Surgical gynecology provides an illustrative case study. Excessive spending in gynecology includes hysterectomies for benign disease before attempting alternatives, an abdominal approach instead of the less invasive vaginal approach for hysterectomy, and unnecessary removal of ovaries during hysterectomy. We took a random sample of 350 gynecologists, and compared the proportion of costs for each doctor that is attributable to waste. In the chart below, each bar represents one doctor. The magnitude and direction of the bar reflect the doctor's deviation from average waste per surgical gynecologist (in percentage points). The doctors on the left have less waste than average, while the doctors on the right (who outnumber those on the left) have more waste than average. The best doctor is nearly 50 percentage points better than the worst doctor.
Another attempt to curb waste and improve patient outcomes has been to send patients to centers of excellence for serious procedures, such as joint replacements, and illnesses, such as cancer. However, seeking treatment at a center of excellence does not ensure good care. Although centers of excellence perform better than average, there is still significant variation in practice patterns within these facilities. The best doctor is still almost 50 percentage points better than the worst doctor.

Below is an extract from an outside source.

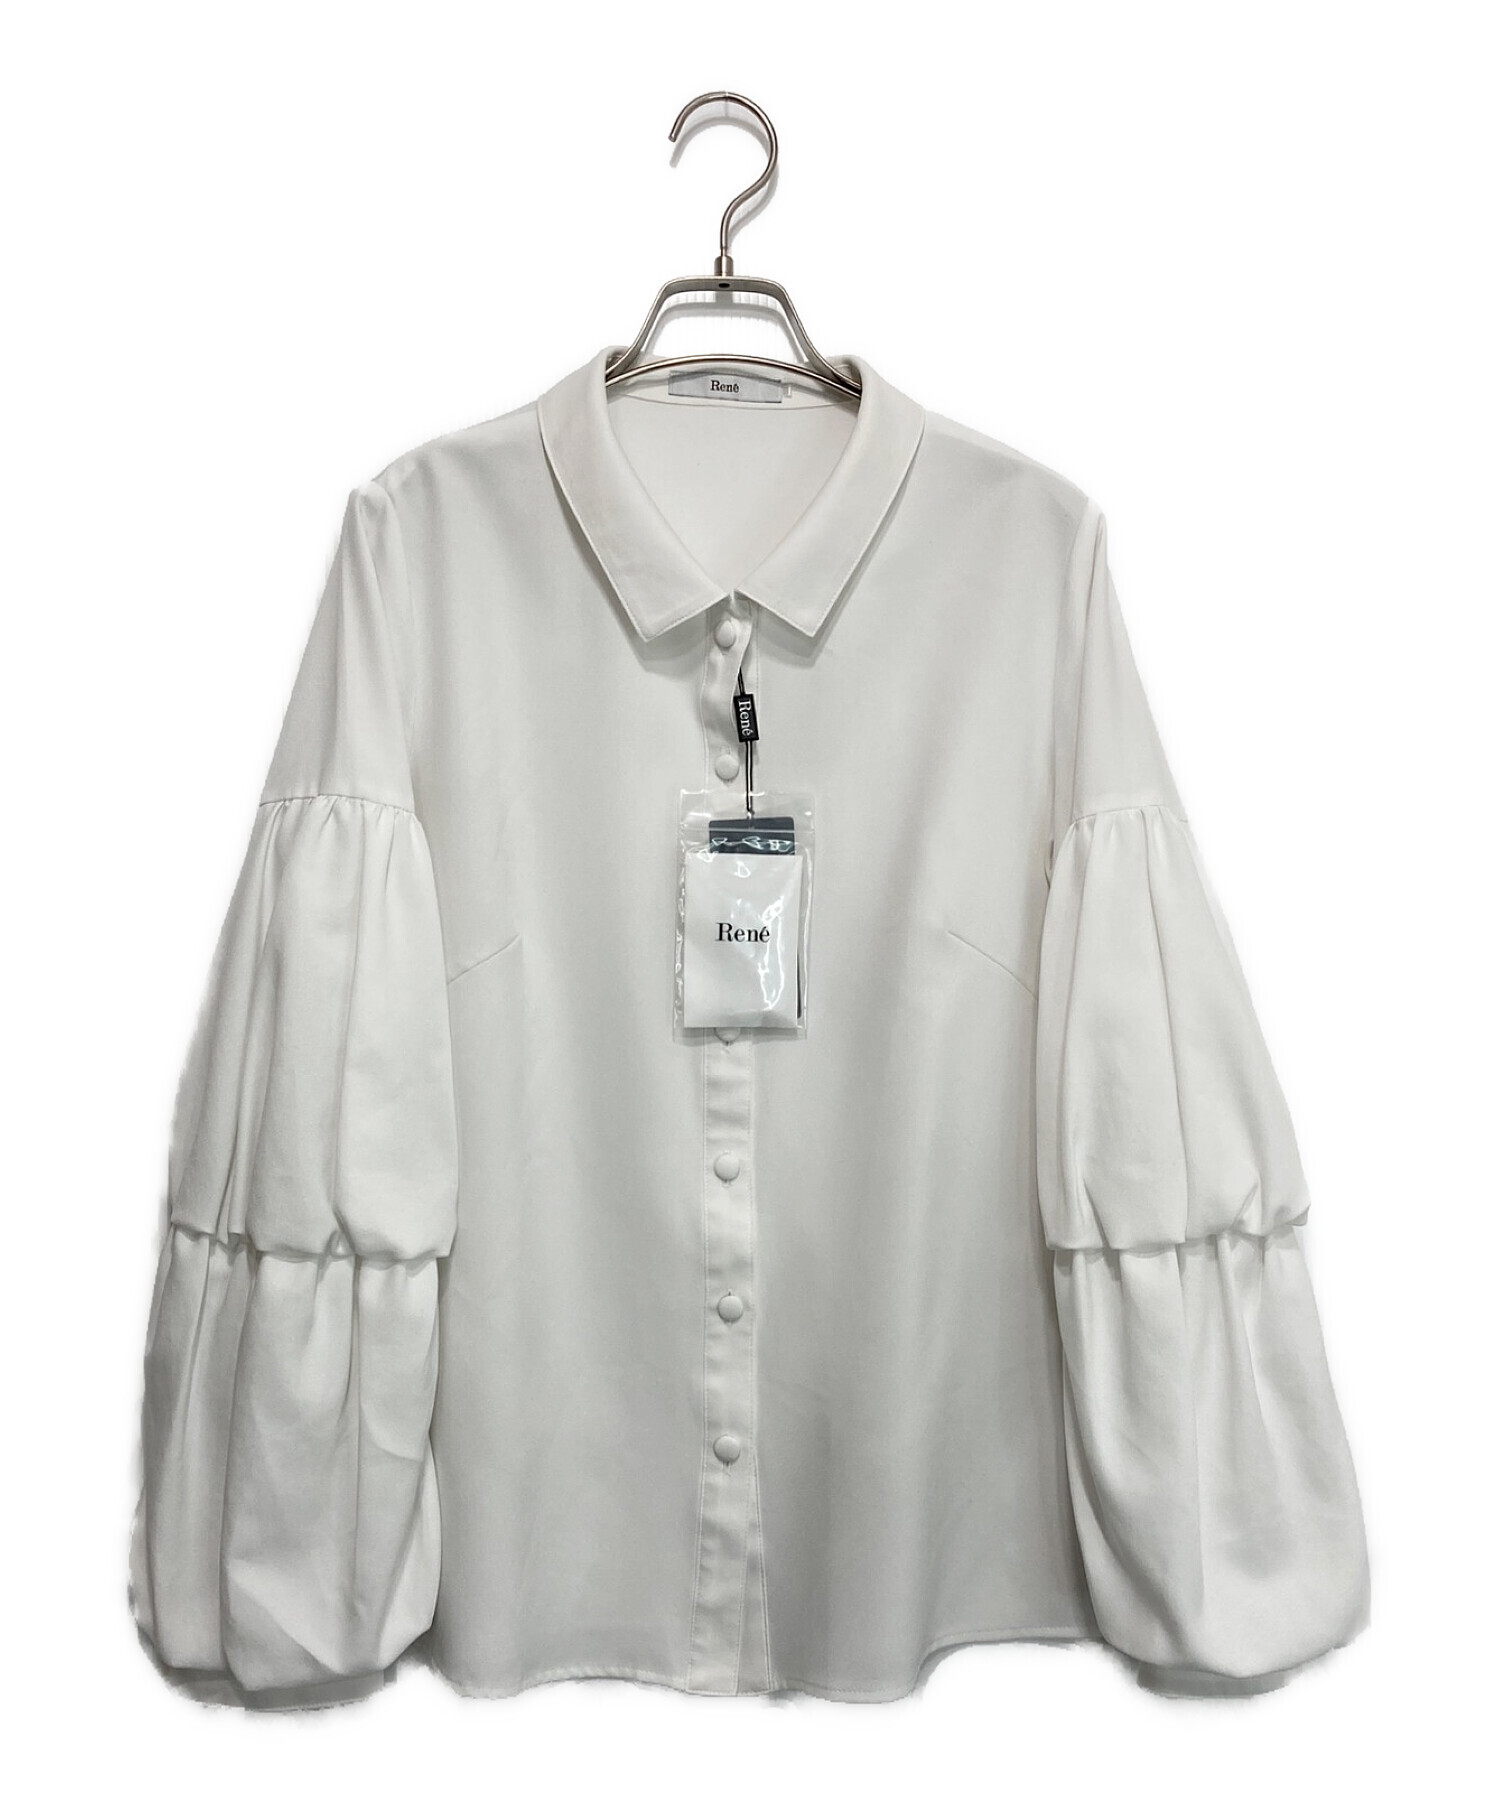 100％品質 Rene' ブラウス38サイズ シャツ/ブラウス(半袖/袖なし ...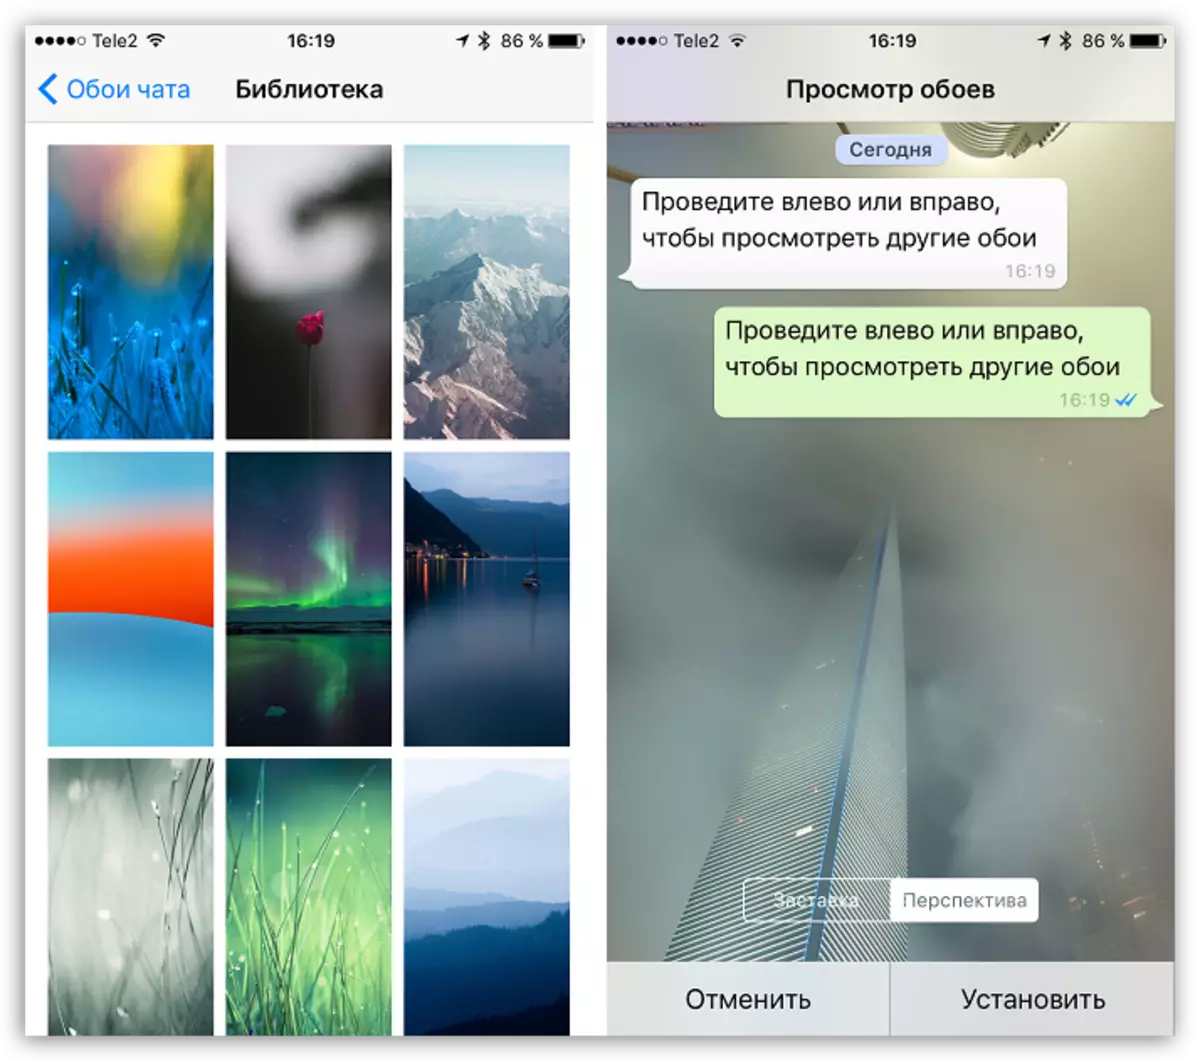 Wallpaper Kanggo Chats ing WhatsApp kanggo iOS

Choosing the right doctor is the solution
The only way to guarantee high-quality care is to handpick high-quality doctors. We built Garner to identify and route care to the very best doctors. Garner doctors practice evidence-based medicine, which results in lower costs and superior outcomes. Going to a top doctor reduces waste by nearly 80% relative to the average hospital and roughly 60% relative to centers of excellence. This translates to savings of $2,100 per employee per year.
The silver lining in this grim reality of wasteful healthcare spending is that high-quality doctors exist across the country, as the heat map below demonstrates. Employers just need to find them, let employees know who they are, and reward employees for choosing them—and that’s where Garner comes in.